Using the EJB 1.1 specifications, container managed persistence beans were not very powerful. In most cases, bean developers went quickly beyond the capabilities of CMP and had to convert to use bean managed persistence. Many developers shied away from using entity beans altogether. The EJB 2.0 quickly addressed many of these issues. This now allows the bean developer to implement most persistence requirements using container managed persistence. The four features that facilitate this are the following:

  • EJB query language

  • Finder methods

  • Relationship mapping of multiple entity beans

  • Business methods implemented within the home interface

The Enterprise JavaBeans Query Language

The Enterprise JavaBeans Query Language (EJB QL) specification defines a query language to be used within finder methods of an entity bean with container managed persistence. Rather than develop a completely new query language, the specification is based on a subset of SQL92. The EJB QL gives you the features to allow navigation over the relationships defined in an entity bean's abstract schema.

Your EJB QL queries will be contained within your deployment descriptor of the entity bean. The container will then translate these queries into the target language of the underlying data store. For example, EJB QL will be translated to true SQL for JDatastore. Using this translation allows entity beans using container managed persistence to be portable. In other words, the code is not tied to a specific type of data store or application server vendor.

EJB Query Restrictions

EJB QL has a few restrictions:

  • Commenting is not supported within EJB QL.

  • Date and time values are always represented in milliseconds and contained within a Java long.

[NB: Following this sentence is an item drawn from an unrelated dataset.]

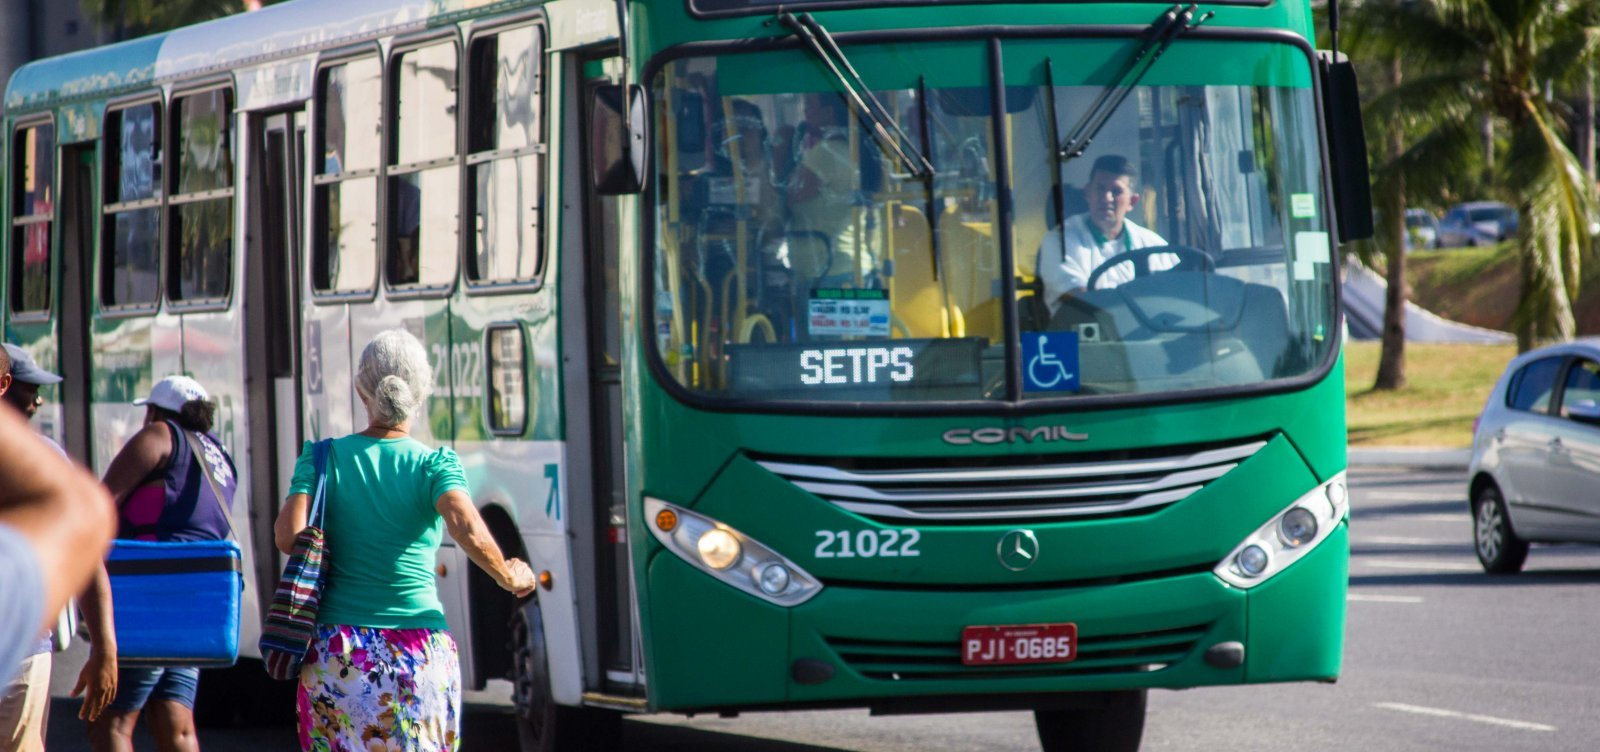 ['Ônibus circulam normalmente na cidade', afirma Sindicato dos Rodoviários]

  • Container managed persistence does not support inheritance. In other words, you cannot compare two entity beans of different types with each other.

Query Syntax

An EJB QL query has three components associated with it: SELECT, FROM, and WHERE. The SELECT and FROM clauses are the only required portions of EJB QL; the WHERE clause is optional. For example, SELECT OBJECT(e) FROM Employee e selects all the instances contained within the Employee entity.

The SELECT component defines the values or objects that will be returned by the created query. The return values can either be a local interface or a remote interface contained within an entity. The FROM component defines the scope of the query. It may declare one or more entities. Finally, the WHERE component contains a conditional expression that restricts the values retrieved by the query. As mentioned earlier, this portion of the query is optional; it is normally required to meet most entity finder requirements.

Examples Described

SELECT OBJECT(e) FROM Employee e

This method returns all the instances of employee contained within the entity. In this case, we refer to the Employee entity with an alias e to make the definition of the query shorter.

SELECT DISTINCT OBJECT(e) FROM Employee e WHERE e.empNo = ?1

The query returns an employee instance specified by an empNo. This query is typically used to find an instance by either a primary key or alternate key. The DISTINCT keyword can be used to remove duplicates from the query but this should not happen if you are using a primary key.

SELECT DISTINCT OBJECT(e) FROM Employee e, IN (e.salaryHistory)
as s WHERE s.Country = ?1

This query navigates to related beans using the defined relationship. The e variable relates to the Employee entity bean, and the s variable represents the related bean instances SalaryHistory. The IN keyword specifies that SalaryHistory is a collection of beans related to the Employee entity. The query then navigates the relationship to identify all the salary histories within a specific country.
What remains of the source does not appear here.